Content starts

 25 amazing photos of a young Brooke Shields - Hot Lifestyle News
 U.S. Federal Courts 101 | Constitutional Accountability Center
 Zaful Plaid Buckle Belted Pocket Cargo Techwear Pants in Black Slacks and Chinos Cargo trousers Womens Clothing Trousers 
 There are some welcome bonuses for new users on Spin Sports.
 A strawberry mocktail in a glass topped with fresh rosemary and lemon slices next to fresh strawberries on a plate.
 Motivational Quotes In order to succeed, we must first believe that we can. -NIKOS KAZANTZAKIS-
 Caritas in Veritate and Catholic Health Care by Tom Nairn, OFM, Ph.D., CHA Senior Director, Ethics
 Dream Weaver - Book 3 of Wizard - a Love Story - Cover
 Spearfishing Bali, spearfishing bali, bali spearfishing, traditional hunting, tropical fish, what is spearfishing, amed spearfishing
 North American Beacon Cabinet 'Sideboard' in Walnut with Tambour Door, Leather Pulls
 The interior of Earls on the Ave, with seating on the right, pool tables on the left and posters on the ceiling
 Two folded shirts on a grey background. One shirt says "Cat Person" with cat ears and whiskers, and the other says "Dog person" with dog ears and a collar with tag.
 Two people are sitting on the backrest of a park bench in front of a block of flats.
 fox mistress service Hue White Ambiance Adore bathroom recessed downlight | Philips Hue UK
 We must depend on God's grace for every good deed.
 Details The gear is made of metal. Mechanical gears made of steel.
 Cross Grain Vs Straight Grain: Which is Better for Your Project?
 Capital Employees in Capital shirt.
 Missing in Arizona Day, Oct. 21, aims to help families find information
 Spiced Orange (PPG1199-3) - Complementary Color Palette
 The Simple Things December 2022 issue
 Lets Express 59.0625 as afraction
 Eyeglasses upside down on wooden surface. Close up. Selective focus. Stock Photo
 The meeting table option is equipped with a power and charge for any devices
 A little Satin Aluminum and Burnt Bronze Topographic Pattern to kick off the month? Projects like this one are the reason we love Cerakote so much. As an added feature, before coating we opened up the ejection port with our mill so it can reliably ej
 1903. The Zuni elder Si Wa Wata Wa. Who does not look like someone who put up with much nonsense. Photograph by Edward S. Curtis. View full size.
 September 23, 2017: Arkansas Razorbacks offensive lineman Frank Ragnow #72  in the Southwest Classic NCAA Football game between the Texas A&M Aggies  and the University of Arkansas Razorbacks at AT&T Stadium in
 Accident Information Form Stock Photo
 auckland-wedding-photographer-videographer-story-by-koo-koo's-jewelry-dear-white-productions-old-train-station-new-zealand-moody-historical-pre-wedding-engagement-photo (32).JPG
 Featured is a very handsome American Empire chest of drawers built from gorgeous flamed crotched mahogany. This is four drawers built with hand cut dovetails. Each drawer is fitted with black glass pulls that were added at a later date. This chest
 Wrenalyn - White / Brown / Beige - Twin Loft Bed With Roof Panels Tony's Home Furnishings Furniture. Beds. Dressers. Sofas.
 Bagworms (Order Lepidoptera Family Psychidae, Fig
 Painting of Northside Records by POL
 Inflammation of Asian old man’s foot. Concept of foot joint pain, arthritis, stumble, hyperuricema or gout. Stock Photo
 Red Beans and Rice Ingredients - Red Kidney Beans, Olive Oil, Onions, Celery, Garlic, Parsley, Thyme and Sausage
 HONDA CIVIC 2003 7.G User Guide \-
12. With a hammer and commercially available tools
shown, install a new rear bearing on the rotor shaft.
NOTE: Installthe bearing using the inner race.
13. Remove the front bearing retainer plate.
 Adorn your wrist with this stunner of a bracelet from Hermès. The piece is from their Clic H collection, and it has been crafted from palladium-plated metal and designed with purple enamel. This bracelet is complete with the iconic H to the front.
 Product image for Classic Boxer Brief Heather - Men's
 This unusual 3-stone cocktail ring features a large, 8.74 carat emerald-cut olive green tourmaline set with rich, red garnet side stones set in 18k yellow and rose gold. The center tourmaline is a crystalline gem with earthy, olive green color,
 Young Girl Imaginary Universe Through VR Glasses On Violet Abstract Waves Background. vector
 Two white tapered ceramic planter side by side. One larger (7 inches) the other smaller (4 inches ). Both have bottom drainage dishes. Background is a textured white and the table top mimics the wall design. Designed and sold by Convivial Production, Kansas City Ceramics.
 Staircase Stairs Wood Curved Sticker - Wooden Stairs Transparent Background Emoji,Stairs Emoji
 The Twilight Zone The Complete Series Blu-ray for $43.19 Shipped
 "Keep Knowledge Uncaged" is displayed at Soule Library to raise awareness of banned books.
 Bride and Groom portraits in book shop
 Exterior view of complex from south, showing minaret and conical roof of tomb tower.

Content ends

ASSIGNMENT => All entries should be restated word for word.

RESPONSE =>
 25 amazing photos of a young Brooke Shields - Hot Lifestyle News
 U.S. Federal Courts 101 | Constitutional Accountability Center
 Zaful Plaid Buckle Belted Pocket Cargo Techwear Pants in Black Slacks and Chinos Cargo trousers Womens Clothing Trousers 
 There are some welcome bonuses for new users on Spin Sports.
 A strawberry mocktail in a glass topped with fresh rosemary and lemon slices next to fresh strawberries on a plate.
 Motivational Quotes In order to succeed, we must first believe that we can. -NIKOS KAZANTZAKIS-
 Caritas in Veritate and Catholic Health Care by Tom Nairn, OFM, Ph.D., CHA Senior Director, Ethics
 Dream Weaver - Book 3 of Wizard - a Love Story - Cover
 Spearfishing Bali, spearfishing bali, bali spearfishing, traditional hunting, tropical fish, what is spearfishing, amed spearfishing
 North American Beacon Cabinet 'Sideboard' in Walnut with Tambour Door, Leather Pulls
 The interior of Earls on the Ave, with seating on the right, pool tables on the left and posters on the ceiling
 Two folded shirts on a grey background. One shirt says "Cat Person" with cat ears and whiskers, and the other says "Dog person" with dog ears and a collar with tag.
 Two people are sitting on the backrest of a park bench in front of a block of flats.
 fox mistress service Hue White Ambiance Adore bathroom recessed downlight | Philips Hue UK
 We must depend on God's grace for every good deed.
 Details The gear is made of metal. Mechanical gears made of steel.
 Cross Grain Vs Straight Grain: Which is Better for Your Project?
 Capital Employees in Capital shirt.
 Missing in Arizona Day, Oct. 21, aims to help families find information
 Spiced Orange (PPG1199-3) - Complementary Color Palette
 The Simple Things December 2022 issue
 Lets Express 59.0625 as afraction
 Eyeglasses upside down on wooden surface. Close up. Selective focus. Stock Photo
 The meeting table option is equipped with a power and charge for any devices
 A little Satin Aluminum and Burnt Bronze Topographic Pattern to kick off the month? Projects like this one are the reason we love Cerakote so much. As an added feature, before coating we opened up the ejection port with our mill so it can reliably ej
 1903. The Zuni elder Si Wa Wata Wa. Who does not look like someone who put up with much nonsense. Photograph by Edward S. Curtis. View full size.
 September 23, 2017: Arkansas Razorbacks offensive lineman Frank Ragnow #72  in the Southwest Classic NCAA Football game between the Texas A&M Aggies  and the University of Arkansas Razorbacks at AT&T Stadium in
 Accident Information Form Stock Photo
 auckland-wedding-photographer-videographer-story-by-koo-koo's-jewelry-dear-white-productions-old-train-station-new-zealand-moody-historical-pre-wedding-engagement-photo (32).JPG
 Featured is a very handsome American Empire chest of drawers built from gorgeous flamed crotched mahogany. This is four drawers built with hand cut dovetails. Each drawer is fitted with black glass pulls that were added at a later date. This chest
 Wrenalyn - White / Brown / Beige - Twin Loft Bed With Roof Panels Tony's Home Furnishings Furniture. Beds. Dressers. Sofas.
 Bagworms (Order Lepidoptera Family Psychidae, Fig
 Painting of Northside Records by POL
 Inflammation of Asian old man’s foot. Concept of foot joint pain, arthritis, stumble, hyperuricema or gout. Stock Photo
 Red Beans and Rice Ingredients - Red Kidney Beans, Olive Oil, Onions, Celery, Garlic, Parsley, Thyme and Sausage
 HONDA CIVIC 2003 7.G User Guide \-
12. With a hammer and commercially available tools
shown, install a new rear bearing on the rotor shaft.
NOTE: Installthe bearing using the inner race.
13. Remove the front bearing retainer plate.
 Adorn your wrist with this stunner of a bracelet from Hermès. The piece is from their Clic H collection, and it has been crafted from palladium-plated metal and designed with purple enamel. This bracelet is complete with the iconic H to the front.
 Product image for Classic Boxer Brief Heather - Men's
 This unusual 3-stone cocktail ring features a large, 8.74 carat emerald-cut olive green tourmaline set with rich, red garnet side stones set in 18k yellow and rose gold. The center tourmaline is a crystalline gem with earthy, olive green color,
 Young Girl Imaginary Universe Through VR Glasses On Violet Abstract Waves Background. vector
 Two white tapered ceramic planter side by side. One larger (7 inches) the other smaller (4 inches ). Both have bottom drainage dishes. Background is a textured white and the table top mimics the wall design. Designed and sold by Convivial Production, Kansas City Ceramics.
 Staircase Stairs Wood Curved Sticker - Wooden Stairs Transparent Background Emoji,Stairs Emoji
 The Twilight Zone The Complete Series Blu-ray for $43.19 Shipped
 "Keep Knowledge Uncaged" is displayed at Soule Library to raise awareness of banned books.
 Bride and Groom portraits in book shop
 Exterior view of complex from south, showing minaret and conical roof of tomb tower.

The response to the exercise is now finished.